Monitor the domain registration expiration for the old domain. If the old domain lapses, anyone can register it and your redirect breaks permanently.
6

Response Time

Track how long the redirect takes. A redirect that takes more than a few hundred milliseconds suggests a problem with the redirect server or DNS resolution.

How Long to Maintain Domain Redirects

A common question is how long you need to keep the old domain redirecting. The answer depends on the use case.

Rebranding: Keep the redirect active for at least 2-3 years. Google needs time to fully process the domain change, and users with bookmarks or cached links need the redirect to work. Some companies maintain brand redirects indefinitely because the cost of renewing a domain is trivial compared to the SEO loss of dropping it.

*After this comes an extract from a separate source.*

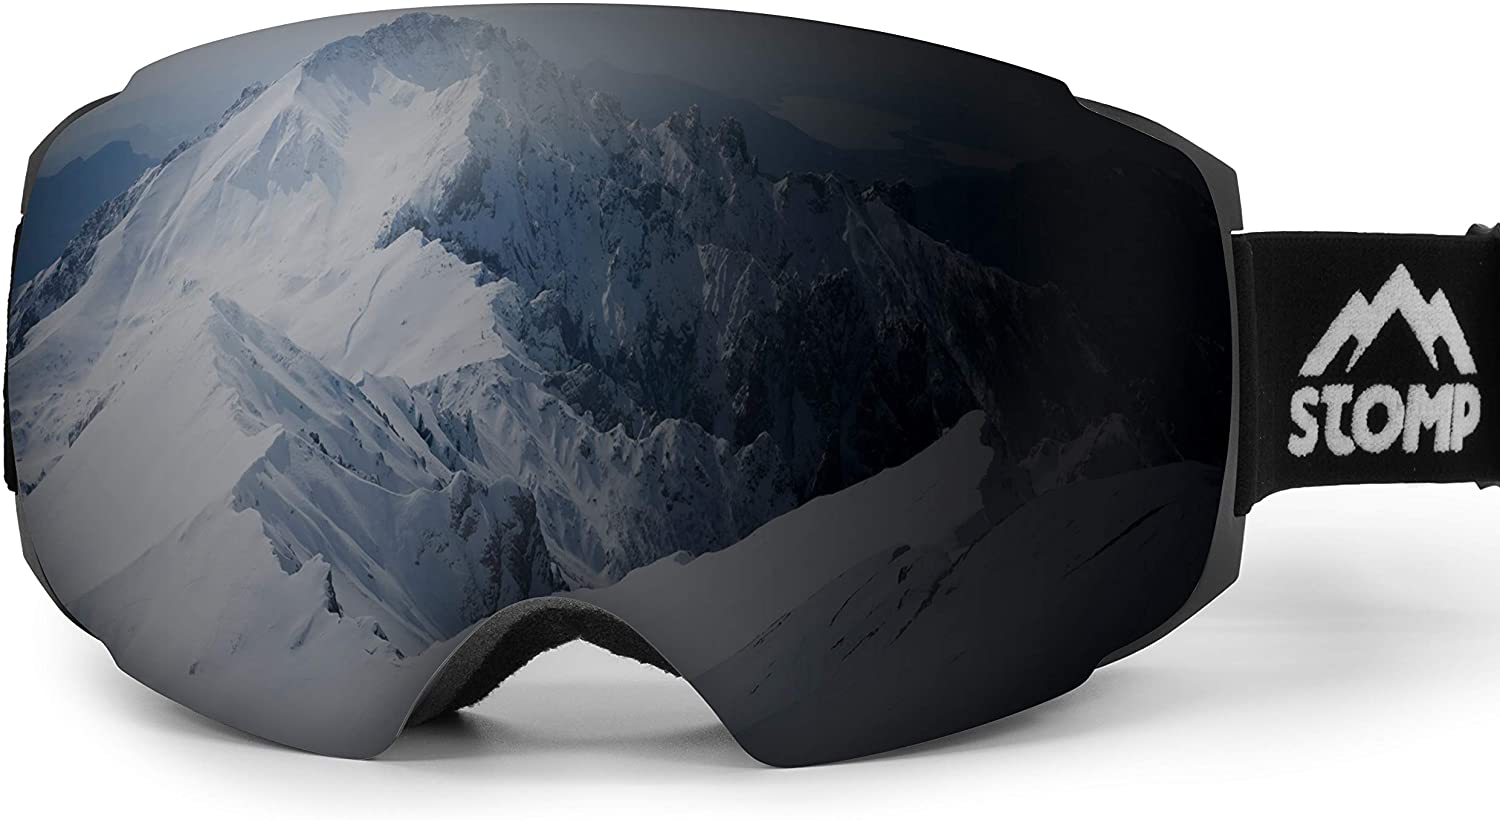 Stomp Ski Goggles PRO - Frameless, Interchangeable Lens 100% UV400 Protection Snow Goggles for Men & Women (Black) - image 1 of 7

Typo domains: Maintain indefinitely. Typo domains exist specifically to catch misspellings, and people will always make typos.

Domain consolidation: At least 1-2 years. After that, evaluate search console data to see if Google has fully transitioned. If the old domain still shows impressions in search results, the redirect is still needed.

www/non-www canonicalization: Permanent. This is not a temporary migration; it is an ongoing configuration.

When you stop renewing the old domain, you lose the redirect entirely. If the domain had significant backlinks, those links become dead. Worse, someone else could register the expired domain and redirect it to a malicious or competing site. For high-value domains, the safest approach is to keep them registered indefinitely.

Domain redirects are simple in concept but have long-term SEO and security implications. The redirect itself takes minutes to configure. Monitoring it to make sure it keeps working takes a tool that checks automatically.